Recorded information ::
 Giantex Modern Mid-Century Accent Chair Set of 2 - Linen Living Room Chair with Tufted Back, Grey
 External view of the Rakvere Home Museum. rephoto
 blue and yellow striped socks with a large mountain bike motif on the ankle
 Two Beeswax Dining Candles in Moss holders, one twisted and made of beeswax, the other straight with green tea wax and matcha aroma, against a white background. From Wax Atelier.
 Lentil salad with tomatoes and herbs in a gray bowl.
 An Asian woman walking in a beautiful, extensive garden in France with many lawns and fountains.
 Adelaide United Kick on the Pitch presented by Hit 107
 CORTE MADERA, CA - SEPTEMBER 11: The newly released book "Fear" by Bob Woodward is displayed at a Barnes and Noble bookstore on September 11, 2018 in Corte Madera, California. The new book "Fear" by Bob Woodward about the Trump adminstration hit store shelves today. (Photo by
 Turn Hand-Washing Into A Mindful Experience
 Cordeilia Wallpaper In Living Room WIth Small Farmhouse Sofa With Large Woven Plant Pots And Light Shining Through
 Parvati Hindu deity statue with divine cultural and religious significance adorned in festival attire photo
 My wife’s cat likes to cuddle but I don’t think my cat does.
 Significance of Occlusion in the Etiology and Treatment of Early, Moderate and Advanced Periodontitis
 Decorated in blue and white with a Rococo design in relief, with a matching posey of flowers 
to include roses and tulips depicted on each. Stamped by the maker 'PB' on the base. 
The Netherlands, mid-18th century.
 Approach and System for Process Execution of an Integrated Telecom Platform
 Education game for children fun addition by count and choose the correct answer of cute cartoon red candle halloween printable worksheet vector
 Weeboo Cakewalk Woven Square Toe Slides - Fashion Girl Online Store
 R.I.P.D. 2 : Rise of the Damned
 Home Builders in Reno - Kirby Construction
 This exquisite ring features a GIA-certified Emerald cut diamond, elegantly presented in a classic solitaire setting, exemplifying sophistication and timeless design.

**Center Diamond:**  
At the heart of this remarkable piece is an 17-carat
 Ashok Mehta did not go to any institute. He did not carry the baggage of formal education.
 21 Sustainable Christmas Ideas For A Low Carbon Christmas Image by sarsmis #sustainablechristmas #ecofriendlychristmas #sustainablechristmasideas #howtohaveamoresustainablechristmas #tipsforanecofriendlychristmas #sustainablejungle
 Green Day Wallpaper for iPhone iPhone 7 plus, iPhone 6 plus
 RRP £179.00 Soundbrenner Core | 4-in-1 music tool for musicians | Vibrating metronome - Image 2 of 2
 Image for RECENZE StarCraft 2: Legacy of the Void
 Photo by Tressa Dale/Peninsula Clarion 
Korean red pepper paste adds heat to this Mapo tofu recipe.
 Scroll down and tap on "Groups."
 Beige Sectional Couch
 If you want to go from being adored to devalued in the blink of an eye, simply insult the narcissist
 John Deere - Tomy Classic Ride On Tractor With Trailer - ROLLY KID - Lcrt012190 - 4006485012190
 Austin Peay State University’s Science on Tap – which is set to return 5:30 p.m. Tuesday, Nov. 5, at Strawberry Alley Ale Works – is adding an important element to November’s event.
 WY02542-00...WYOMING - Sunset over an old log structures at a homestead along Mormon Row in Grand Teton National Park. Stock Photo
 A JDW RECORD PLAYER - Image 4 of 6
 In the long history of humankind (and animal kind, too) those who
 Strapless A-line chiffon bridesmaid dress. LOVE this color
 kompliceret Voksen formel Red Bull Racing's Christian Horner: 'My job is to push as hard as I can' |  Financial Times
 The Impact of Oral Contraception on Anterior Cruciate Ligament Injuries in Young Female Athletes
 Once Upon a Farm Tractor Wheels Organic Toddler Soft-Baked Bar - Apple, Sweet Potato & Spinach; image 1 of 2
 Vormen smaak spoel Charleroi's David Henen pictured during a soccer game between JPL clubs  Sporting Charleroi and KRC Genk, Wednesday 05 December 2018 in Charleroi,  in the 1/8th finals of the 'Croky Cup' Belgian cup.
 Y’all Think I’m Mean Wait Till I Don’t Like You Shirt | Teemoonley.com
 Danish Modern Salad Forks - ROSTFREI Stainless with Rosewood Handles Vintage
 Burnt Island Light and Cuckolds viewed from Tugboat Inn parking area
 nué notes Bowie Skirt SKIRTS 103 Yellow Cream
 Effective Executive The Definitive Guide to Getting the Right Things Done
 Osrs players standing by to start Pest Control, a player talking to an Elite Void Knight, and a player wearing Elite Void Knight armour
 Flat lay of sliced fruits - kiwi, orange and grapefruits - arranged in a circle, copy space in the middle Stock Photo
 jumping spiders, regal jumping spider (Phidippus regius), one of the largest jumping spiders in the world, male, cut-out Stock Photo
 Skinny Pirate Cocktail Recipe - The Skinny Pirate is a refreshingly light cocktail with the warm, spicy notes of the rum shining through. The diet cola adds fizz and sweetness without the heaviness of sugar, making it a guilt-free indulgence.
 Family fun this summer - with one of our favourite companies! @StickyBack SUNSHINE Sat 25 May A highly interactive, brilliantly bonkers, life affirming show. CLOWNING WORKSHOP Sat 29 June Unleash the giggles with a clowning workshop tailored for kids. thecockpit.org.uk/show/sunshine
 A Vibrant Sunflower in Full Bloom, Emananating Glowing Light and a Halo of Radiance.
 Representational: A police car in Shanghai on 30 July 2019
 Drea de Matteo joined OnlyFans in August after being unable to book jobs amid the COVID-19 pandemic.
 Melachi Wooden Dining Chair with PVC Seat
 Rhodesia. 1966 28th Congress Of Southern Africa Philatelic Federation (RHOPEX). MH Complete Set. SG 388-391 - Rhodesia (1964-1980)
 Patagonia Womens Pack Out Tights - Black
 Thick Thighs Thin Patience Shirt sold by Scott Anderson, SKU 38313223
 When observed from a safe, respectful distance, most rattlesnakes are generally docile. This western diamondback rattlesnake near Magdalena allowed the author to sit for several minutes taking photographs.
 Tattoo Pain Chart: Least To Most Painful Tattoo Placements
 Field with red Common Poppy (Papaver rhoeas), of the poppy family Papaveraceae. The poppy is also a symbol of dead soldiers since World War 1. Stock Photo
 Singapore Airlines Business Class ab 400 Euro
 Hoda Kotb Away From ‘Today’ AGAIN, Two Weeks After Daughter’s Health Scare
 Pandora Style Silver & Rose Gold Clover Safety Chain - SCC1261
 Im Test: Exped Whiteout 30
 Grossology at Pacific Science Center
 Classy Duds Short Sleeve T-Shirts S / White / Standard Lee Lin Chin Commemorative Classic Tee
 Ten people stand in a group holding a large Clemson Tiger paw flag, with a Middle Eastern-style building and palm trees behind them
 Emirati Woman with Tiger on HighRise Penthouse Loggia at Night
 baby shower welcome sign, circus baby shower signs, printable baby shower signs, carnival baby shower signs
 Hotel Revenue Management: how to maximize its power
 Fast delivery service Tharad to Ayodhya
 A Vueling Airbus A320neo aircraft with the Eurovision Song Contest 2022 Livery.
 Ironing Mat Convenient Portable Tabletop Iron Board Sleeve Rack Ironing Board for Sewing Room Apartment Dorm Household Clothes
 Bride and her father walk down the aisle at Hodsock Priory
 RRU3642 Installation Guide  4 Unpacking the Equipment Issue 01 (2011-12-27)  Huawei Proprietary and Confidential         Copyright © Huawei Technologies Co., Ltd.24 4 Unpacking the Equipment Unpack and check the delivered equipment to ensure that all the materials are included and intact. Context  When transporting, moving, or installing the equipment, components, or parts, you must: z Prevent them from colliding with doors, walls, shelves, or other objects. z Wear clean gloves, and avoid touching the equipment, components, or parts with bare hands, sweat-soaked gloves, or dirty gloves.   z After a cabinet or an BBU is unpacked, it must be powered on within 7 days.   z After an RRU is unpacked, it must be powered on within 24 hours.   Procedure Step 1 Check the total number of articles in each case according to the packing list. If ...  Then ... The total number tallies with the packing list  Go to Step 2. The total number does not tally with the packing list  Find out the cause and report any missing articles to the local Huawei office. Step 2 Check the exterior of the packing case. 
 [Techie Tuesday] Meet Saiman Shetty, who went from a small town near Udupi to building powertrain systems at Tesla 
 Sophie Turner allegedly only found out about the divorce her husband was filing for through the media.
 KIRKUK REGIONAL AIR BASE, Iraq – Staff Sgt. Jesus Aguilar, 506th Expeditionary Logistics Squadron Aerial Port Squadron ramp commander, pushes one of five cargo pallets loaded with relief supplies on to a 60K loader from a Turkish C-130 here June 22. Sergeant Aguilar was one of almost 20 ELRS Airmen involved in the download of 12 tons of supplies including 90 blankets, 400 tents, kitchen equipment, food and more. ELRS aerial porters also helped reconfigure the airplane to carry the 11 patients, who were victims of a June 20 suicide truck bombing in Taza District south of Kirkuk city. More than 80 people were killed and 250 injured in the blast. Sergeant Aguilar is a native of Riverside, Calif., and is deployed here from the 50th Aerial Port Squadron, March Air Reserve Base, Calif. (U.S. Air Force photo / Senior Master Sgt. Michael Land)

Problem description ::
Output the lines above exactly, but only those between the line holding "Photo by Tressa Dale/Peninsula Clarion" and the line holding "If you want", inclusive.

Problem solution ::
 Photo by Tressa Dale/Peninsula Clarion 
Korean red pepper paste adds heat to this Mapo tofu recipe.
 Scroll down and tap on "Groups."
 Beige Sectional Couch
 If you want to go from being adored to devalued in the blink of an eye, simply insult the narcissist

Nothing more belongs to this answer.